#### RECORDS FOR THE TASK
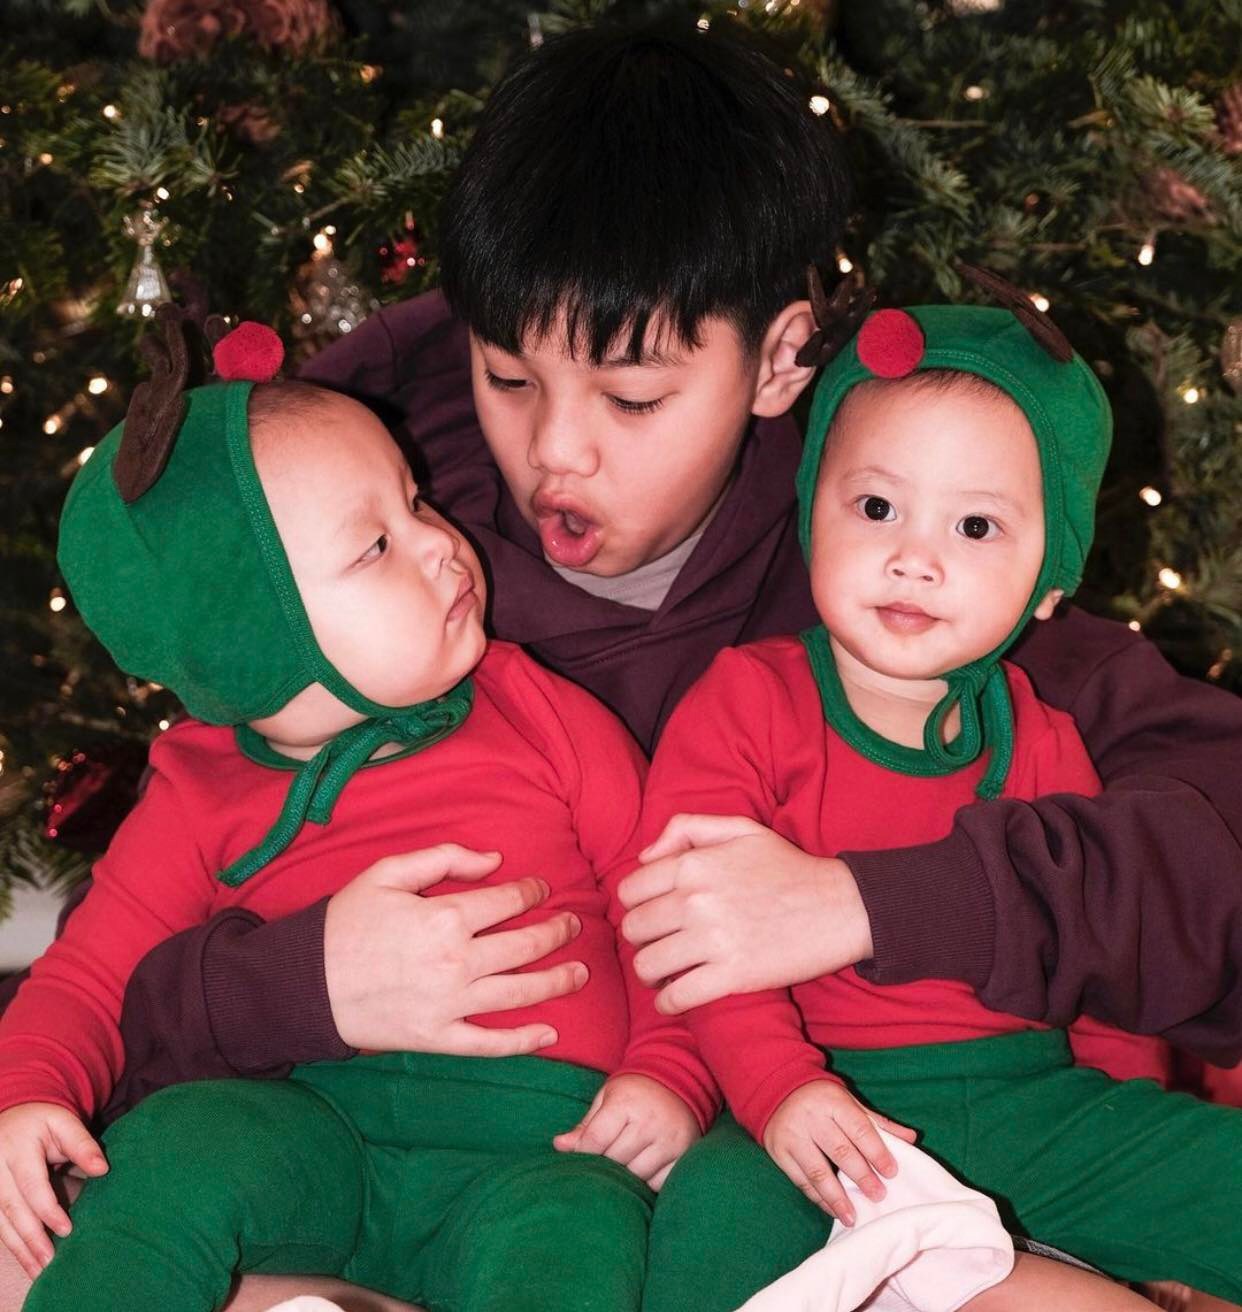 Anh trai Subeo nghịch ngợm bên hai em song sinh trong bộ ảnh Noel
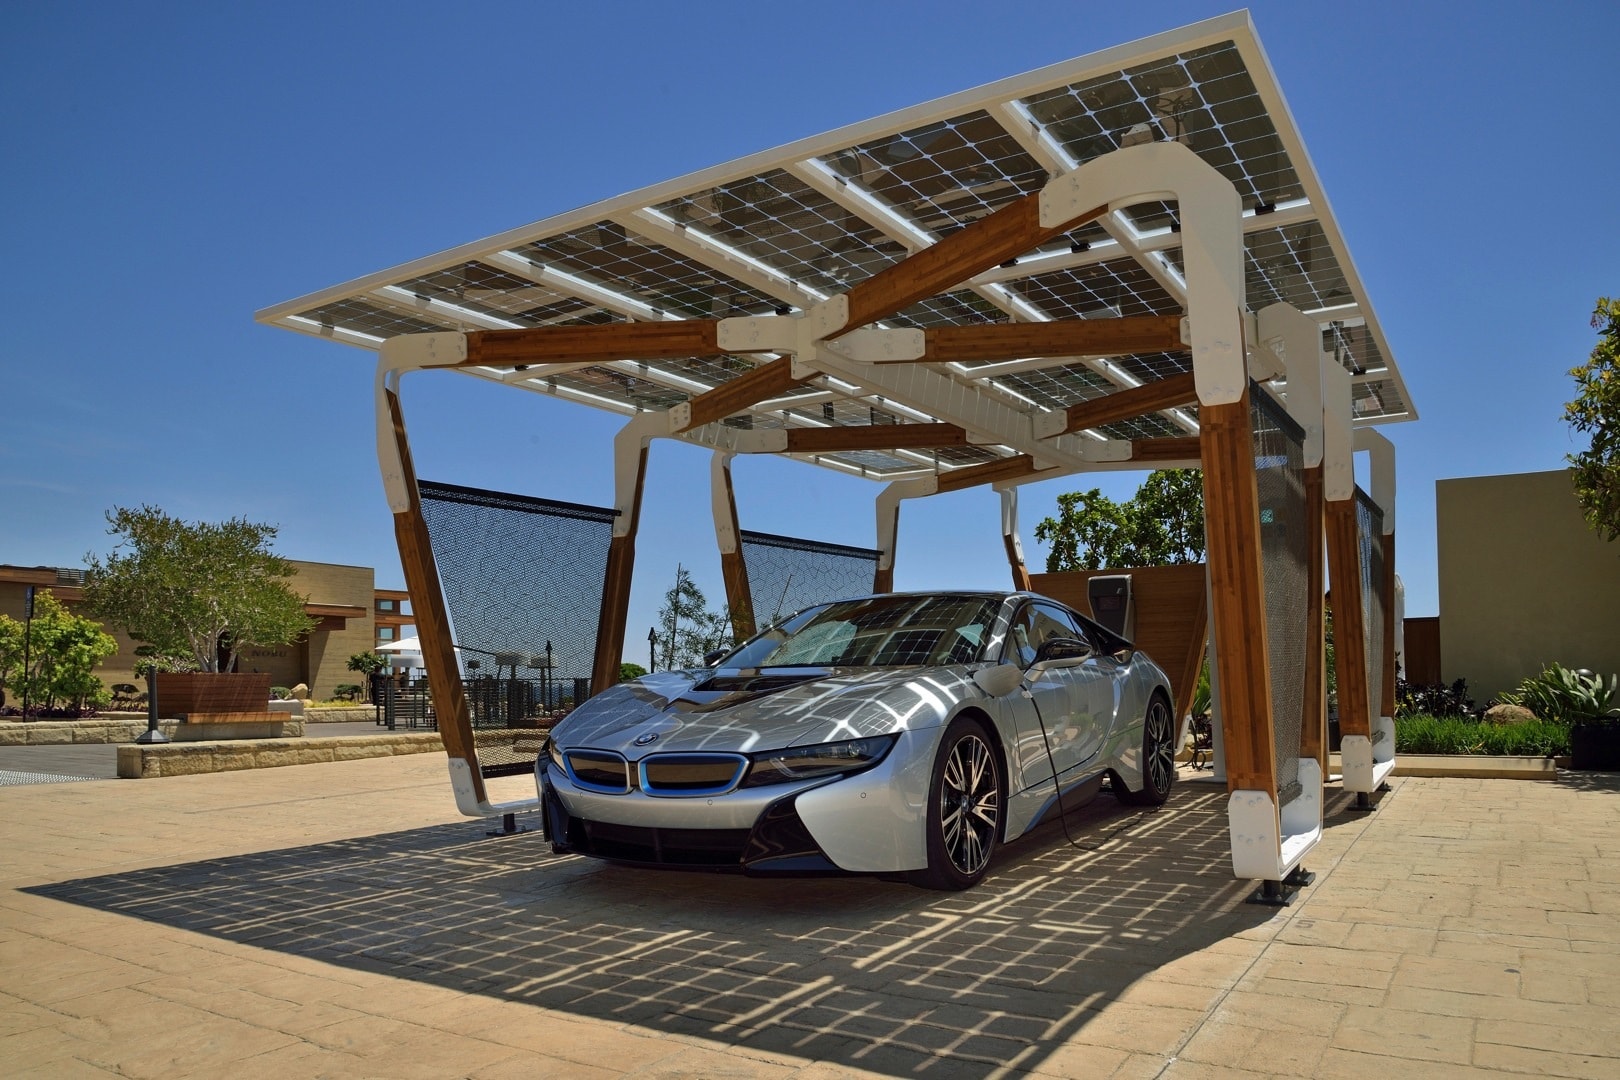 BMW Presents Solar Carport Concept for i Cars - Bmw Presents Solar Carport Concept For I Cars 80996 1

==

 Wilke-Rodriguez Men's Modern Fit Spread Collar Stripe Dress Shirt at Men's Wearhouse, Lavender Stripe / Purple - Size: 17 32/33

==

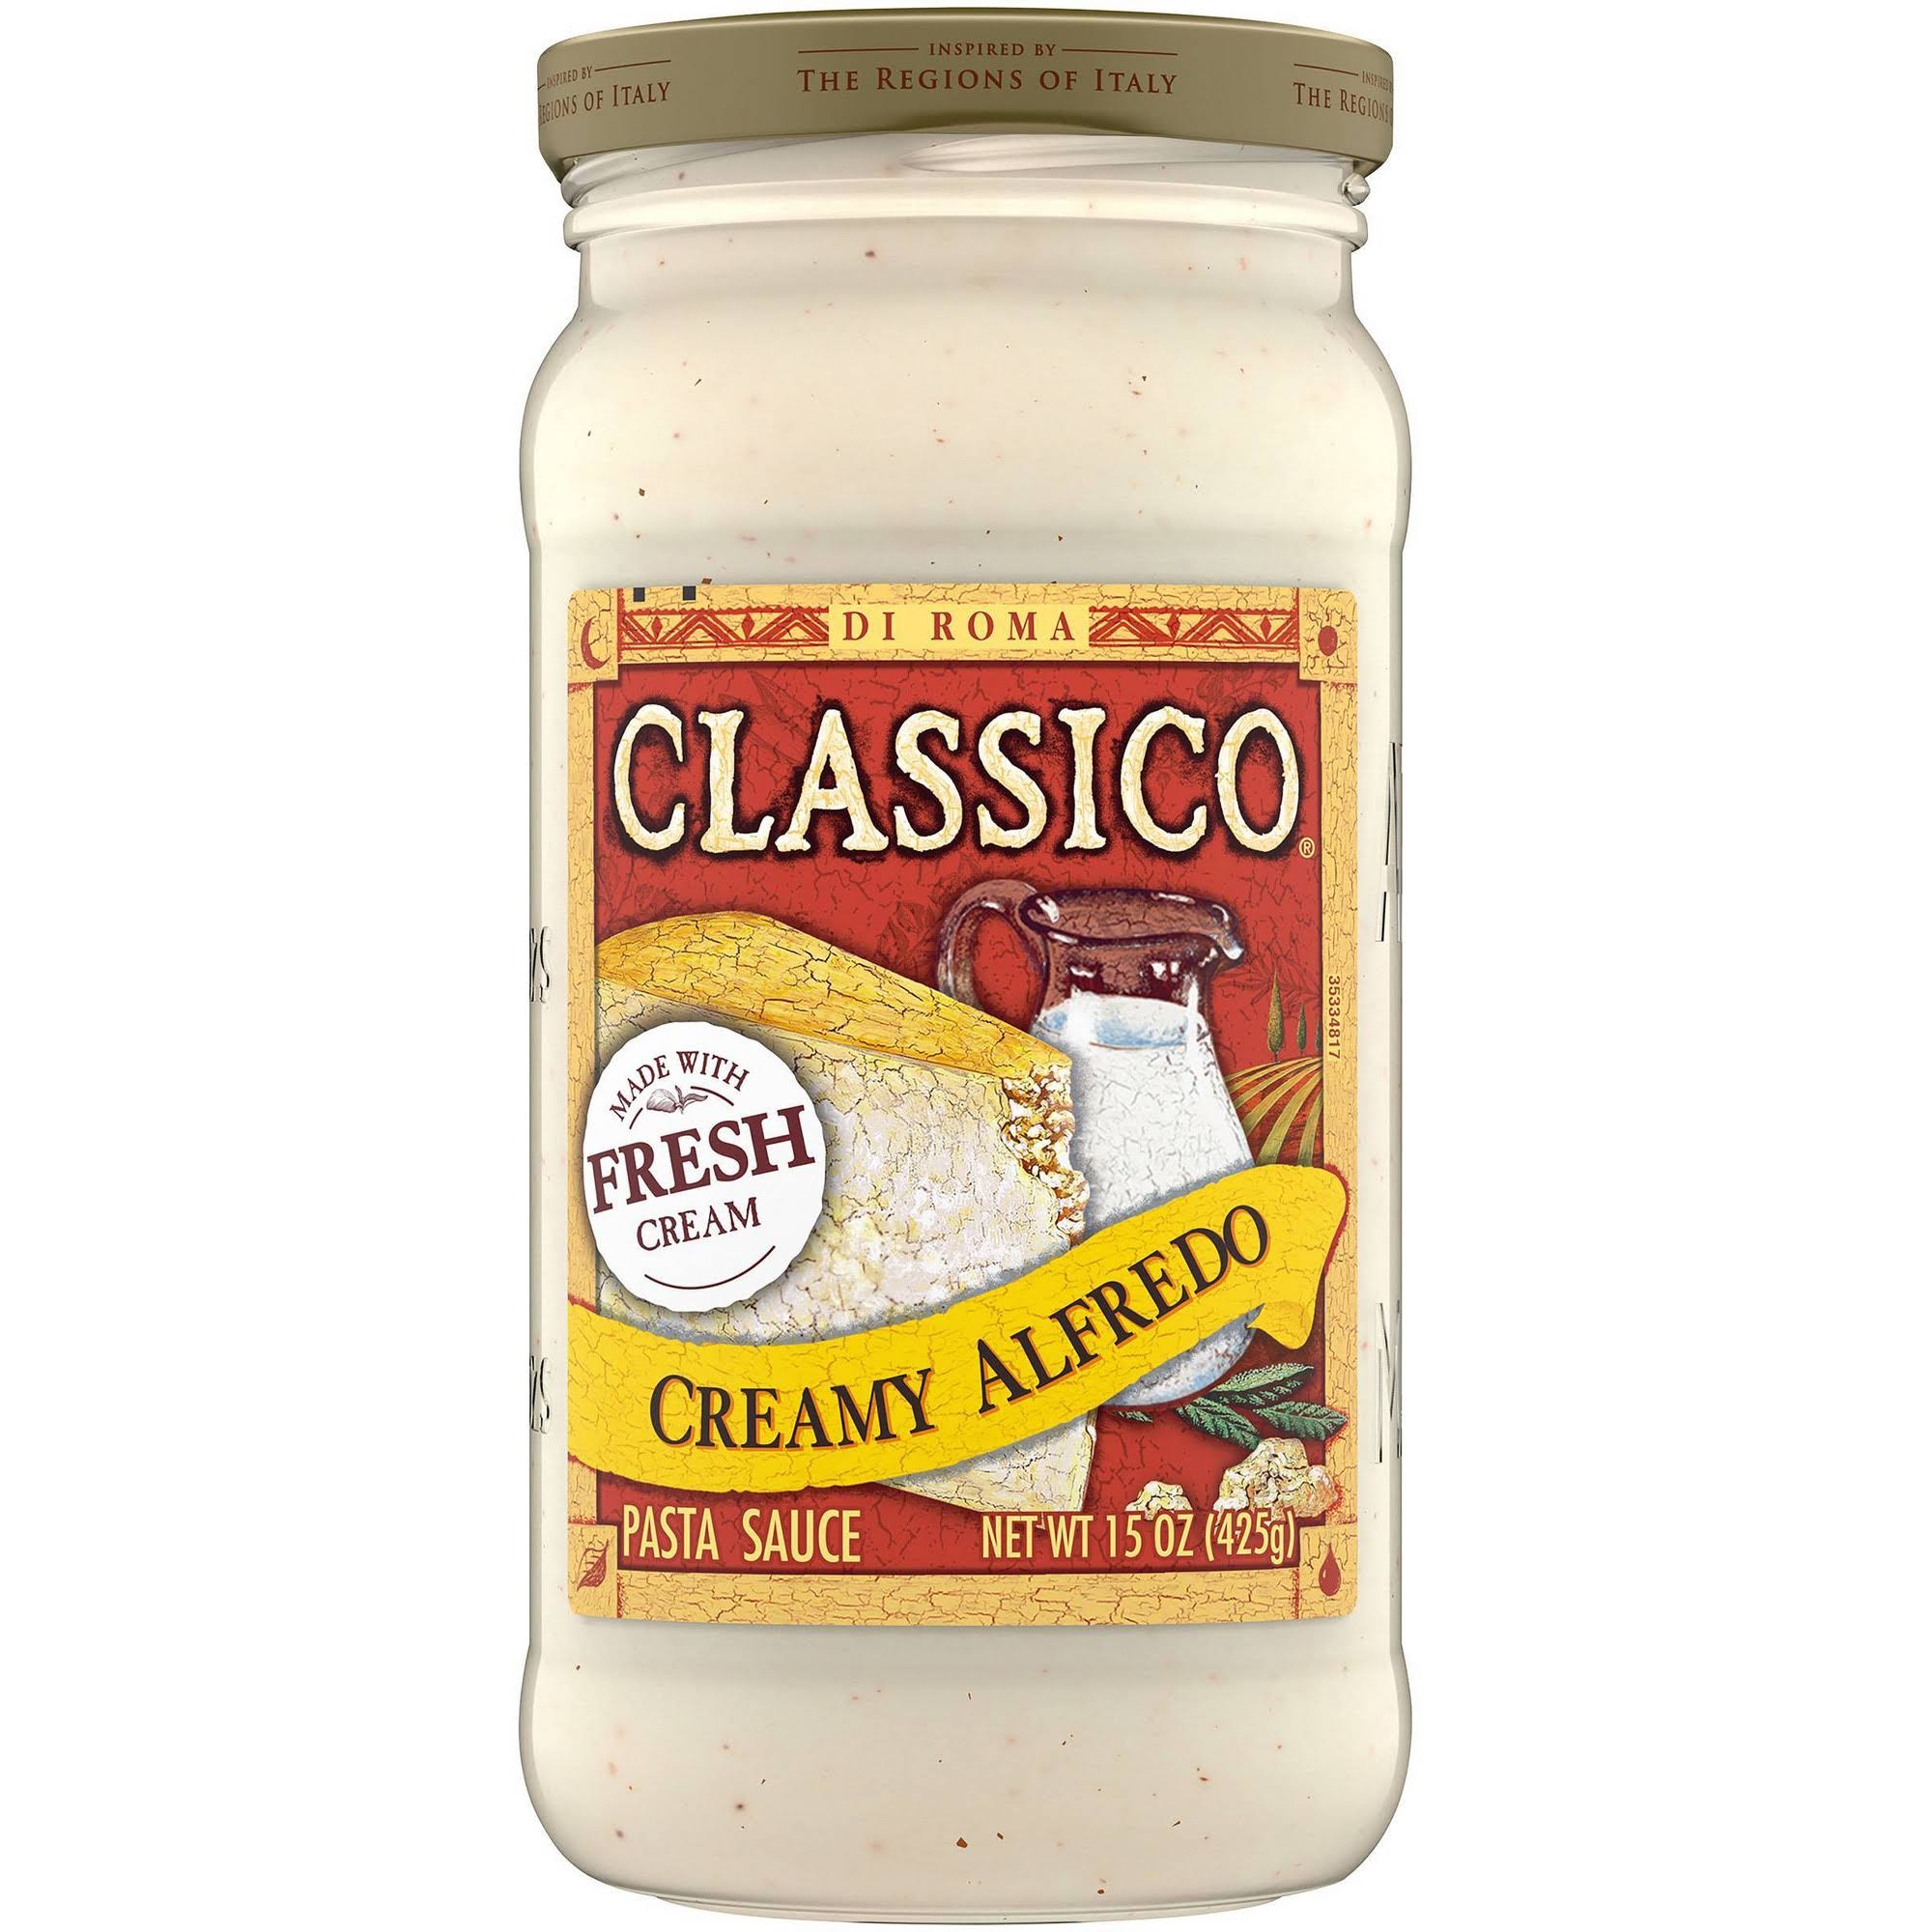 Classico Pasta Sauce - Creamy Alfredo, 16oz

#### TASK GOAL
Find the line with "Anh trai Subeo" in the entries above. Set down exactly every line from it up to and including the line with "BMW Presents Solar Carport Concept for i Cars - Bmw", images excluded.

#### ANSWER SECTION
 Anh trai Subeo nghịch ngợm bên hai em song sinh trong bộ ảnh Noel
 BMW Presents Solar Carport Concept for i Cars - Bmw Presents Solar Carport Concept For I Cars 80996 1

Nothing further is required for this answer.